‘Child Marriages’ — Coercion or Choice?
Two out of five girls in Sub-Saharan Africa marry under the age of 18. A global movement to end “child marriage” often assumes that they are coerced into marrying by their families at a cost to their schooling, mental health and physical wellbeing.
“That’s a dominant narrative within the international development sector, that ‘child marriage’ happens because daughters are forced to marry at young ages for their parents’ financial benefit and that marrying early is fundamentally harmful to the girl’s wellbeing,” said Susan Schaffnit, a postdoctoral scholar in UC Santa Barbara’s Department of Anthropology. “But surprisingly little research has explored local peoples’ perceptions of early marriage or directly tested whether parents gain and daughters suffer from marrying under 18 years.”
In a pair of papers, lead author Schaffnit and David Lawson, a UCSB assistant professor of anthropology, report on a study of the timing of marriage, bridewealth payments (transferred from the groom’s family to the bride’s family) and women’s wellbeing in rural Tanzania. The papers are published this month in Nature Human Behaviour and in Sexual and Reproductive Health Matters.
“We find that marrying early brings a higher bridewealth, which may incentivize early marriage of daughters for parents to some extent,” Schaffnit said. “But marrying at ages 15 to 17 is not obviously detrimental to daughters, with the wellbeing of those marrying early largely indistinguishable from those that marry above 18 years. In fact, marrying early was associated with greater empowerment in household decisions and marriage at any age was viewed as increasing a woman’s social status.”
The authors also report that most girls and women themselves decided when and who to marry. “The terms ‘child marriage’ and ‘forced marriage,’ ” Schaffnit said, “are often used interchangeably by development organizations, but we demonstrate that there are contexts in which young people decide to marry early and may be incentivized to do so by gains in status and respect at home and in the community.”
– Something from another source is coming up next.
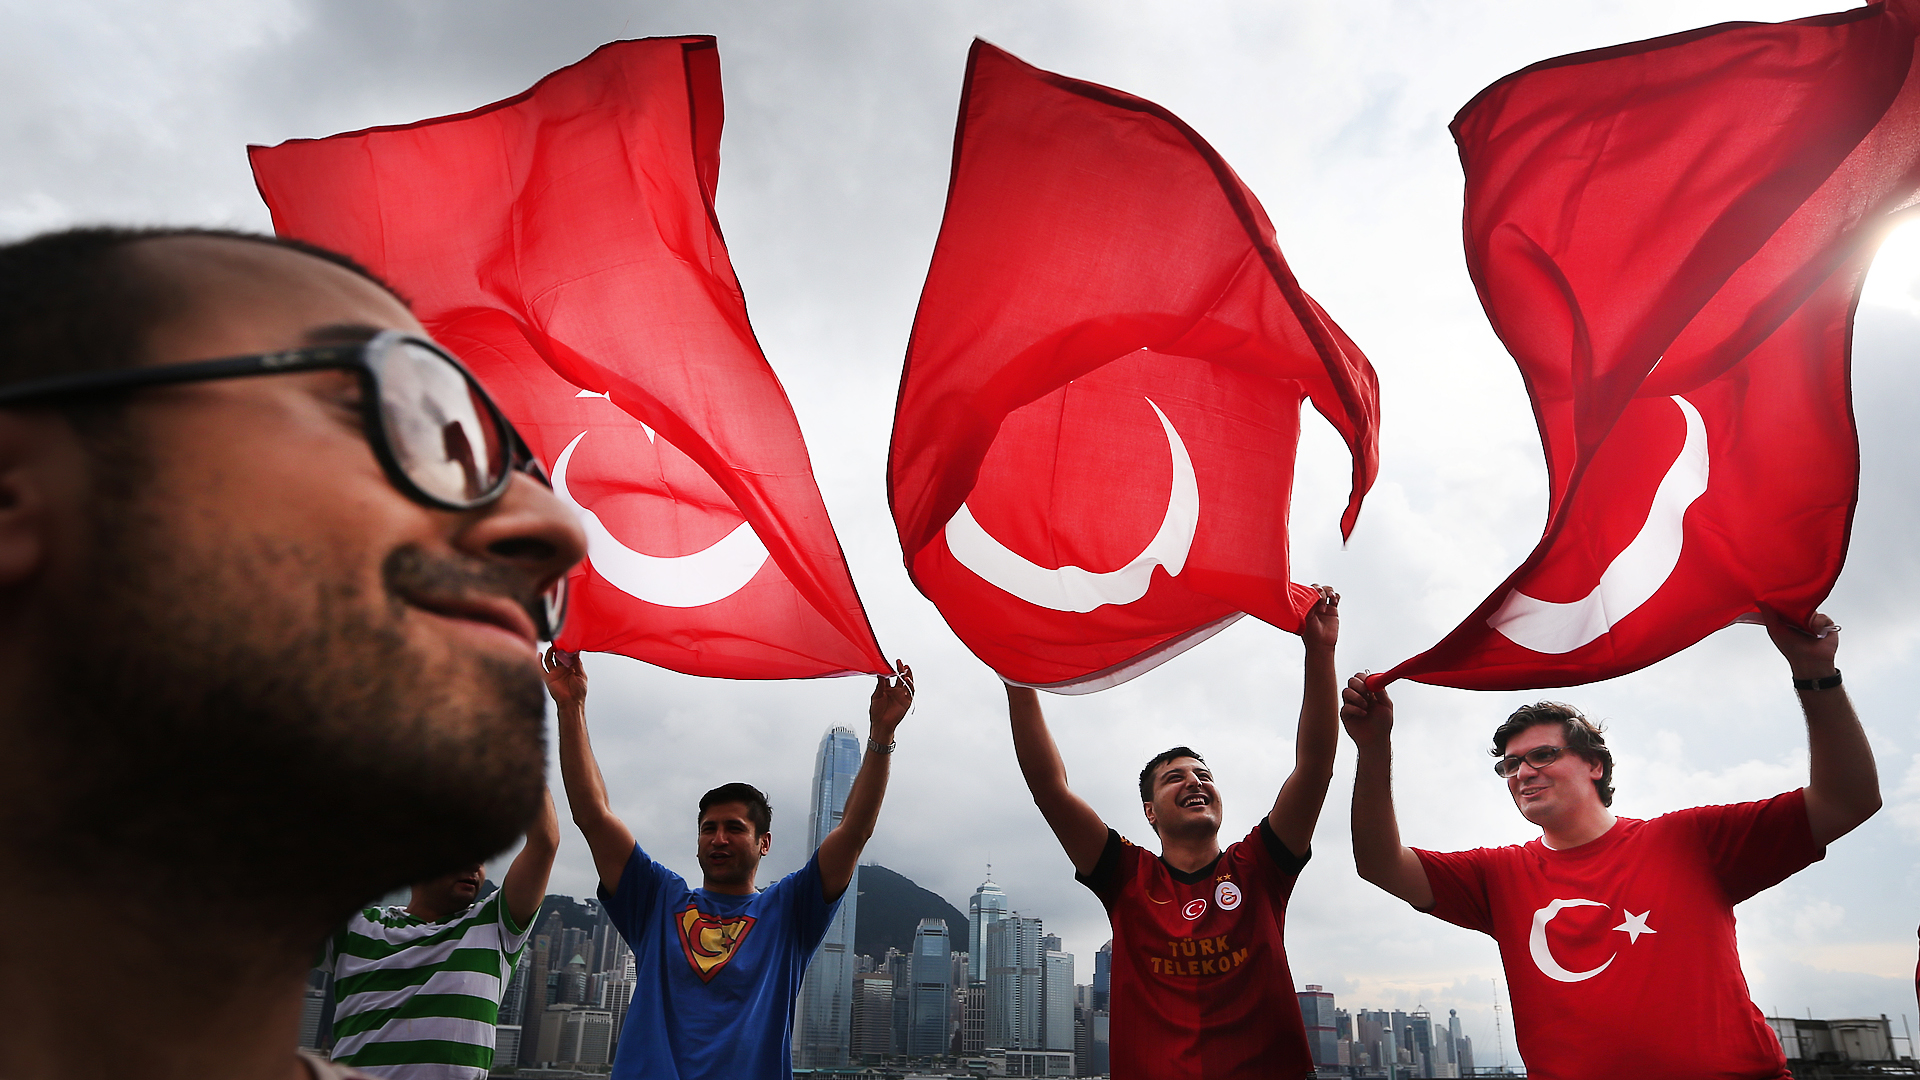 Turkish expats living in Hong Kong gather for a peaceful protest at the clock tower in Tsim Sha Tsui in support of protests in Istanbul against a public park being turned into a shopping mall in 2013. Photo: Sam Tsang

Lawson stressed that parental coercion in early marriage does occur in some circumstances. “We’re not claiming that girls are never forced into early marriages,” he said. “This certainly happens in some contexts, including in Tanzania. But in contexts where ‘child marriage’ mainly takes place in late adolescence, and where autonomy in partner choice is clearly apparent, we need to be careful not to falsely vilify parents. For some young women, it may represent a strategic choice to marry early and be the best locally available option, especially if they are already sexually active or they have started having children.”
Schaffnit also notes the importance of considering locally-available options. “Marrying early was associated with lower educational attainment,” she said, “but rather than early marriage causing girls to drop out of school, the most likely explanation here is that girls that leave school for other reasons have few socially acceptable options in life but to marry and start a family.”
The papers were based on surveys of nearly 1,000 girls and women 15 to 35 years in rural Mwanza Region, where 35 percent of brides marry before age 18. Only 2 percent married before age 15.
The papers are “Parent-offspring conflict unlikely to explain ‘child marriage’ in northwestern Tanzania,” in Nature Human Behaviour, and “ ‘Child marriage’ in context: Exploring local attitudes towards early marriage in rural Tanzania,” in Sexual and Reproductive Health Matters. Other co-authors are Anushé Hassan of the London School of Hygiene and Tropical Medicine and Mark Urassa of the National Institute of Medical Research in Mwanza, Tanzania.
“Future research should distinguish between early marriage in late adolescence and very early marriage, which is considerably rarer in Tanzania,” Lawson said. “Boundaries between childhood and adulthood are flexible, and fixating on an arbitrary 18-year-old threshold means we may miss opportunities to support girls and women regardless of their precise age at marriage.”
In 2016 Tanzania revised the legal age of marriage for girls from 15 years to 18 years, but this has since been appealed due to conflict with local customs.
Lawson was recently awarded a National Science Foundation grant that will fund further research on early marriage in Tanzania for two years. The NSF Cultural Anthropology Program Senior Research Award totals roughly $200,000.
“It is critical that our understanding of early marriage is grounded in reality, not stereotypes or surface impressions,” Lawson said. “Support from the NSF will allow us to further explore why early marriage is sometimes considered the best locally available option by adolescents themselves, and ultimately better inform global initiatives to support vulnerable girls and young women in low-income settings like rural Tanzania.”